Before introducing the greedy algorithms, we ask the question, \textbf{what does it mean to be a greedy algorithm?}
The main idea is to what looks "best" here and now, and hope for the best in the long run.
\begin{itemize}
    \item i.e. we have a problem, and make decisions sequentially based on the decision at the moment, without consideration of quality of the final solution.
\end{itemize}

\section{Algorithms}
To exemplify the optimization problem, we will consider two different greedy algorithms:

\begin{algorithm}
\caption{Kruskal's Algorithm}
\begin{algorithmic}[1]
    \STATE Sort $E$ in increasing order of cost $c_e$
    \STATE $T \gets \emptyset$
    \FOR{each $e \in E$}
        \IF{$T + e$ has no cycle}
            \STATE $T \gets T +e$
        \ENDIF
    \ENDFOR
    \RETURN $T$
\end{algorithmic}
\end{algorithm}

\begin{algorithm}
\caption{Prim's Algorithm}
\begin{algorithmic}[1]
    \STATE Pick arbitrary $s \in V$ as a root
    \STATE $T \gets \emptyset$
    \STATE $S = \{s\}$
    \WHILE{$S \neq V$}
        \STATE{Let 
$e^* \in \displaystyle 
\operatorname*{arg\,min}\limits_{\substack{e \in \delta(S)}} 
 c_{e}$}
        \STATE $T \gets T+e$
        \STATE $S \gets S \cup e $
    \ENDWHILE
    \RETURN $T$
\end{algorithmic}
\end{algorithm}
Here, for any $\emptyset \neq S \subset V$, we let $\delta(S) \coloneqq \{e \in E: |e \cap S| = 1\}$.
To illustrate the execution of these algorithms, consider the following instance:
\newpage

\noindent
\begin{minipage}{0.48\textwidth}
\centering
\textbf{\underline{Kruskal's}}\\[0.5cm]
\begin{tikzpicture}[>=Stealth, thick]
\node[circle, fill=black, inner sep=3pt] (u) at (-3,-1) {};
\node[circle, fill=black, inner sep=3pt] (A) at (-2,1) {};
\node[circle, fill=black, inner sep=3pt] (B) at (2,1.2) {};
\node[circle, fill=black, inner sep=3pt] (C) at (2.4, 0.5) {};
\node[circle, fill=black, inner sep=3pt] (D) at (-0.5, 0.25) {};
\draw[-] (B) -- node[midway, above, sloped] {$1$} (C); 
\draw[-] (D) -- node[midway, above, sloped] {$3$} (B);
\draw[-] (u) -- node[midway, above, sloped] {$4$} (D);
\draw[-] (D) -- node[midway, above, sloped] {$2$} (A);
\end{tikzpicture}
\end{minipage}%
\hfill
\begin{minipage}{0.48\textwidth}
\centering
\textbf{\underline{Prim's}}\\[0.5cm]
\begin{tikzpicture}[>=Stealth, thick]
\node[circle, fill=black, inner sep=3pt] (u) at (-3,-1) {};
\node[circle, fill=black, inner sep=3pt] (A) at (-2,1) {};
\node[circle, fill=black, inner sep=3pt] (B) at (2,1.2) {};
\node[circle, fill=black, inner sep=3pt] (C) at (2.4, 0.5) {};
\node[circle, fill=black, inner sep=3pt] (D) at (-0.5, 0.25) {};
\draw[-] (B) -- node[midway, above, sloped] {$4$} (C); 
\draw[-] (D) -- node[midway, above, sloped] {$3$} (B);
\draw[-] (u) -- node[midway, above, sloped] {$1$} (D);
\draw[-] (D) -- node[midway, above, sloped] {$2$} (A);
\end{tikzpicture}
\end{minipage}

\vspace{0.5cm}
The cost, in this case, is the euclidean distance between nodes.
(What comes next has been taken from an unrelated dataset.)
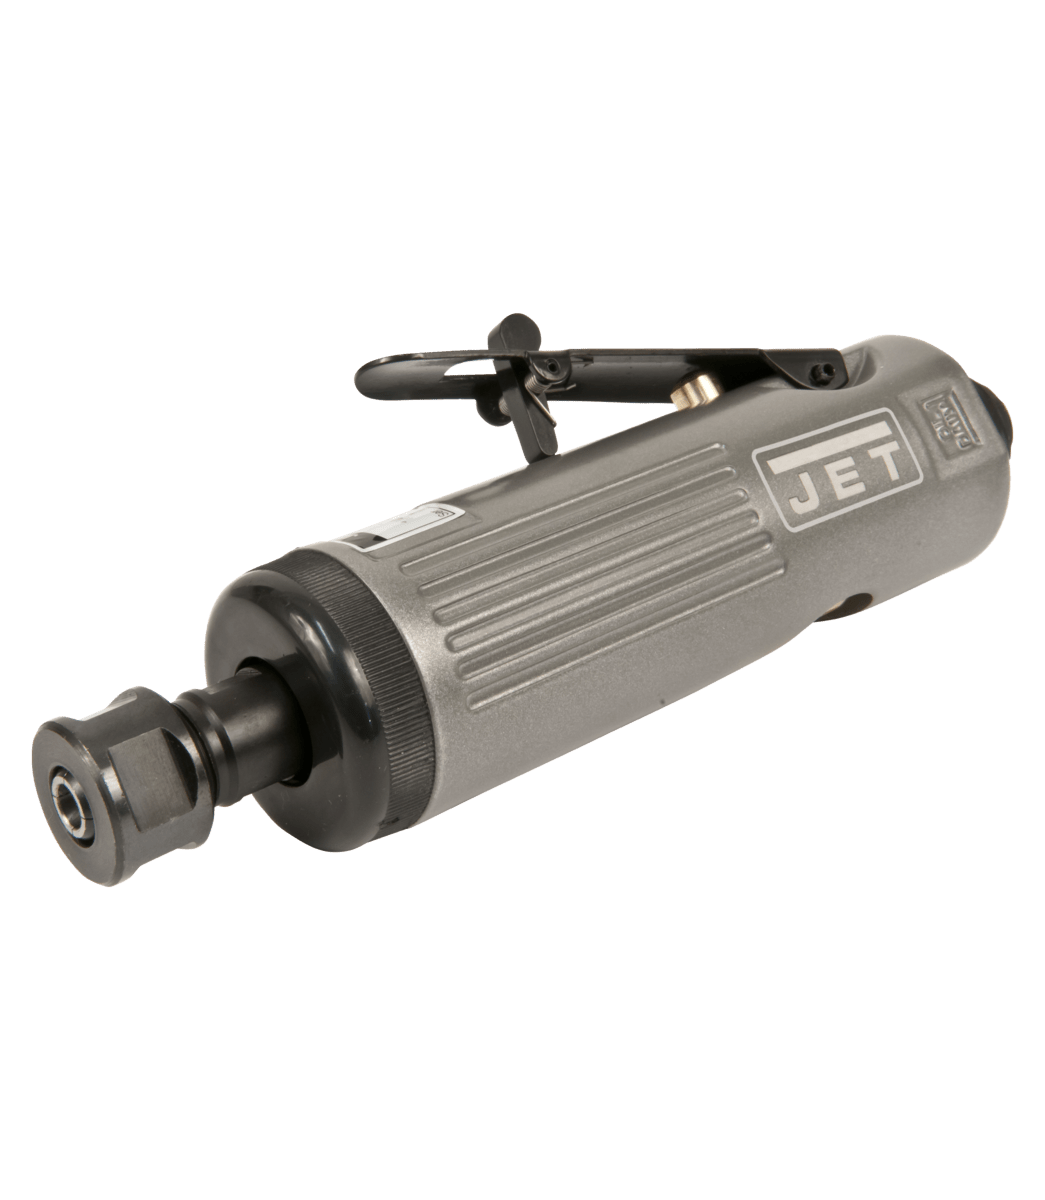 JAT-401, 1/4" Die Grinder - Jet

For these two algorithms, the same tree is recovered, but the order in which you return the edges is different (as denoted  by the numbers next to the edges).

\begin{theorem}
\label{theorem: main}
    Prim's and Kruskal's algorithms are \textbf{optimal}, in the sense that they return a minimum cost spanning tree
\end{theorem}

Some other ideas of "optimal" for algorithms include (although not covered in this course):
\begin{itemize}
    \item time efficiency (time complexity)
    \item storage/memory space
\end{itemize}

Before we prove Theorem~\ref{theorem: main}, we will first define a structural property of optimal solutions:

\begin{lemma}
Suppose the costs $c_e$ for $e \in E$ are pairwise distinct.
Let $\emptyset \neq S \subset V$ and let
\begin{equation*}
    e^* \in \displaystyle 
\operatorname*{arg\,min}\limits_{\substack{e \in \delta(S)}} 
 c_{e}.
\end{equation*}
Then, $e^*$ belongs to every minimum spanning tree.
\end{lemma}

\begin{proof}
    Fix any such $S$ and let $T$ be some tree such that $e^* \notin T$. 
    We need to show that $C(T) > C(T^*)$, where $T^*$ is a minimum spanning tree. 
    Let $e^* = \{u, w\}$. 
    Since $T$ is connected (by definition of tree), there exists a unique $\{u, w\}$-path in $T$. 
    Without loss of generality, suppose $u \in S$ and $w \notin S$. 
    Let $u'$ be the last node in the path from $u$ to $w$ such that $u' \in S$. 
    Let $w'$ be the next node along this path, and note that $w' \notin S$ (by our choice of $u'$).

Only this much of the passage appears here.